Последняя проблема
Последняя проблема
Называя обширные торфяные запасы «дремлющими миллионами», Лаваль нисколько не преувеличивал значение торфа для различных областей промышленности. Торфяные запасы могли найти себе огромное применение как источники топлива для промышленности, транспорта, как энергетическая база для электрификации, как материал для химической и технологической переработки в более ценные продукты, как отопление для жилищ, как удобрение в сельском хозяйстве и как строительный материал в виде кирпича и фибрита. Кроме того торфяные залежи нельзя было не рассматривать как громадные земельные площади, которые после снятия с них торфяного пласта могут быть превращены в культурные угодья.
Торфяное дело имело за собой значительную давность, и первая книга по технике торфоразрабатывания появилась уже в 1658 году. Систематическое развитие торфяное хозяйство получило впервые в Голландии, а затем в XVI веке оно начало развиваться во Франции и в Швеции.
Техника добывания торфа сделала большие успехи к тому времени, когда Лаваль обратил внимание на это дело, но на пути к дальнейшему развитию его по-прежнему лежало одно существенное препятствие: огромное влияние на снижение теплотворной способности торфа как топлива оказывало большое содержание влаги в торфяной массе.
Удаление содержащейся в торфе влаги, т. е. сушка торфа, являлось основной задачей торфяного дела. Разрешение задачи многие видели в обезвоживании торфа прессованием. Еще в 1858 году испытывались способы мокрого прессования, предложенные Кохом и Мангердом, затем Штаубергом, Шейнингом и Гейне, но никому из них не удалось добиться цели путем механического отжатия воды из торфа. Это объясняется тем, что заключающаяся в торфяной массе так называемая «коллоидная вода»[10] прочно удерживается массой при всякой ее обработке.

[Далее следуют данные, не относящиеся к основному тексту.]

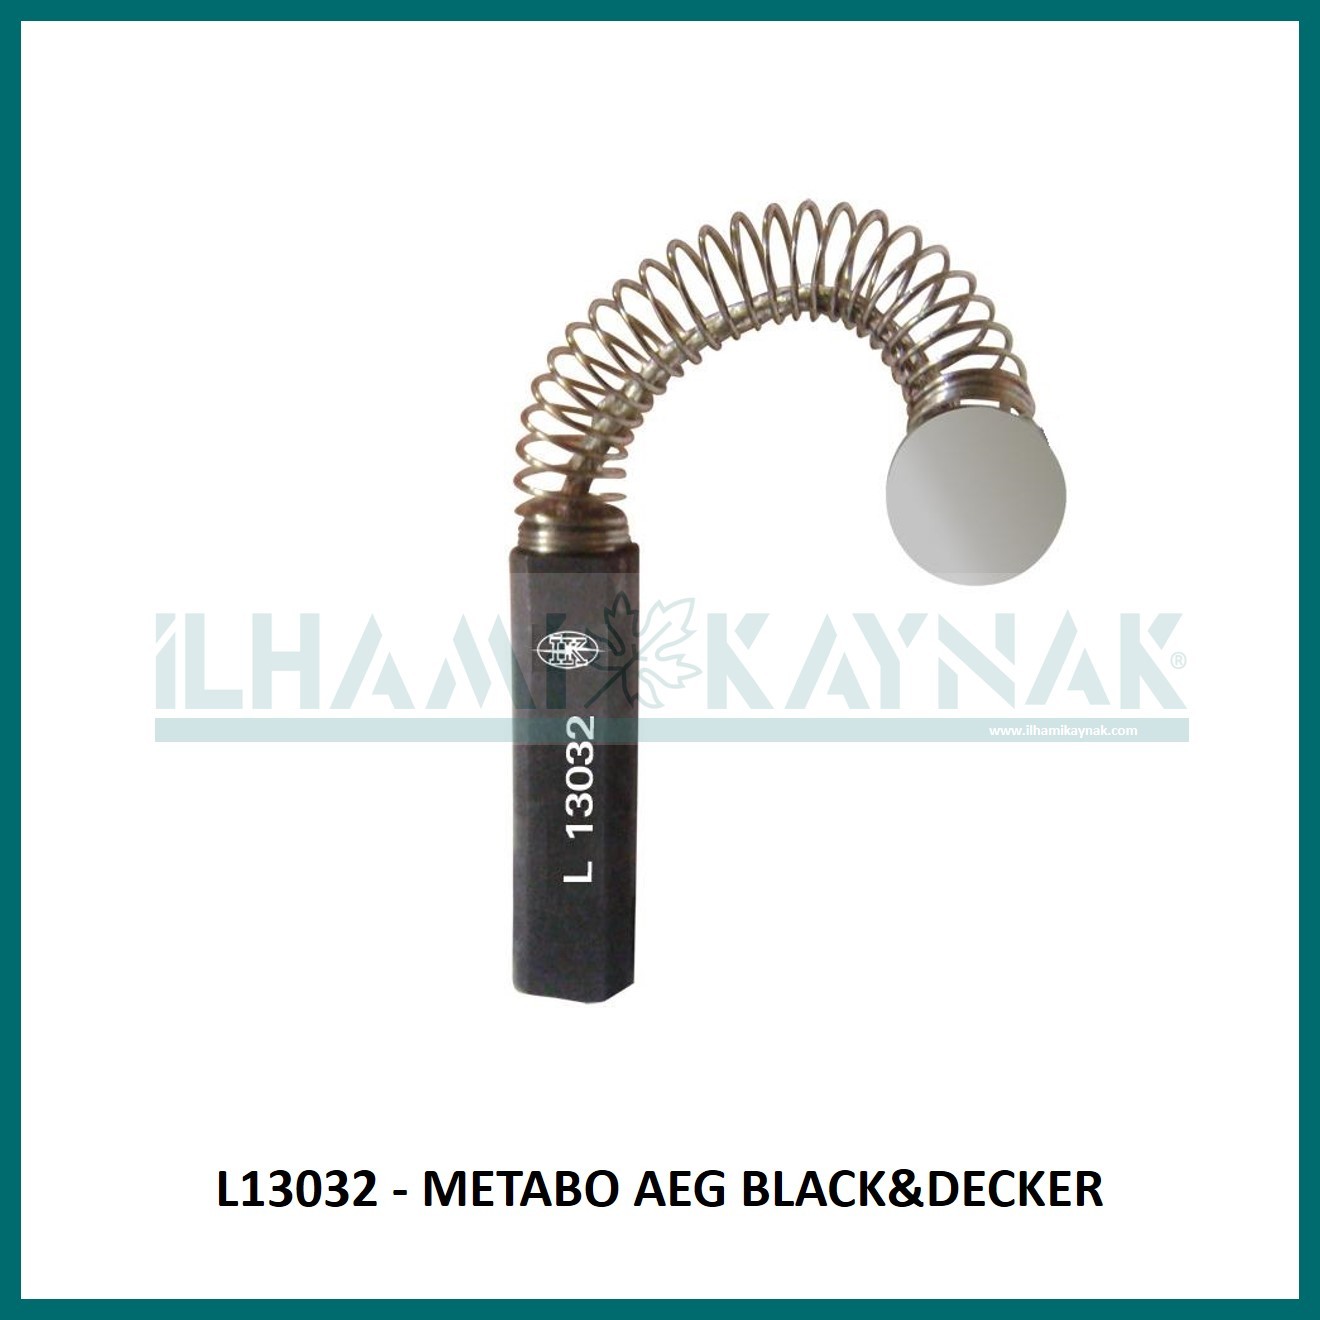 L13032 - METABO AEG BLACK&DECKER - 5*5*25 mm - 100 Adet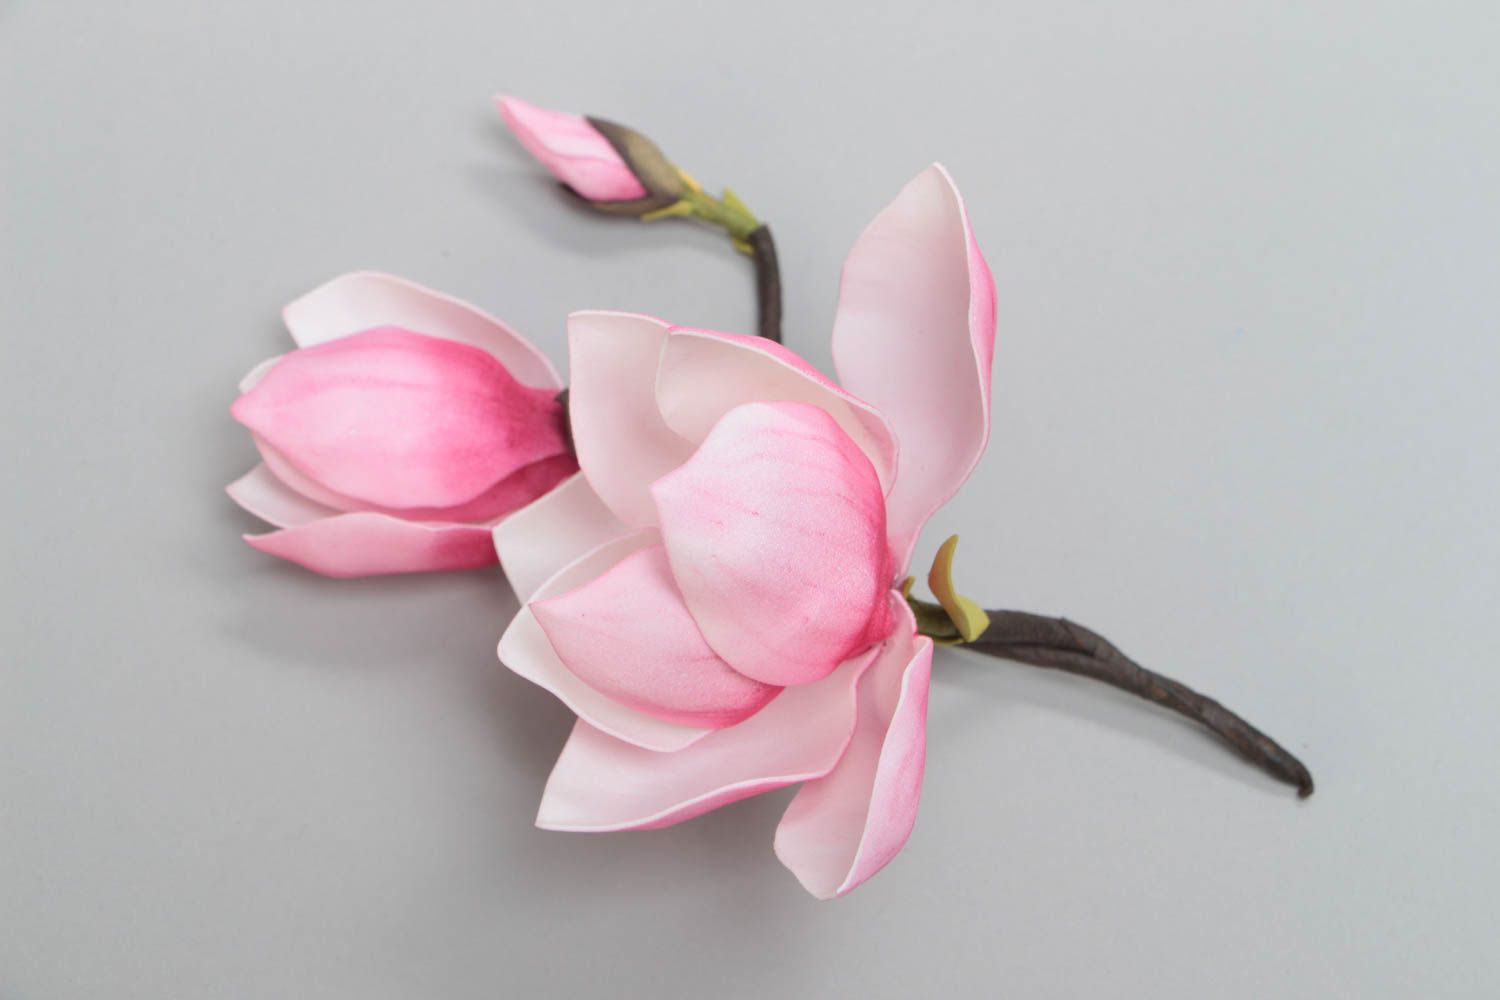 Розовая магнолия из фоамирана красивый цветок для декора дома ручной работы фото 2

Экспериментально было доказано, что только время является решающим фактором при процессе прессования торфа, сильное же увеличение давления — бесцельно; при прессовании важно только то, чтобы выделяющаяся при этом влага успевала свободно стекать.
Из других способов искусственного обезвоживания были известны в это время центрофуговочный способ Сименс — Шукерта, способ влажного обугливания Экенберга и обработка вымораживанием, предложенная Андерсеном в Стокгольме.
При колоссальной самоуверенности Лаваля, неудачи других изобретателей, работавших в той же области, никак не могли остановить его от попыток найти собственное и удачное решение задачи.
Наоборот, кажется, чем более было неудач у других, с тем большей настойчивостью и охотой он брался за дело.
Идея Лаваля заключалась в нагревании торфа под давлением. Таким способом достигалось некоторое обугливание торфа. Целью процесса являлось уничтожение коллоидов для того, чтобы осуществить отжатие воды.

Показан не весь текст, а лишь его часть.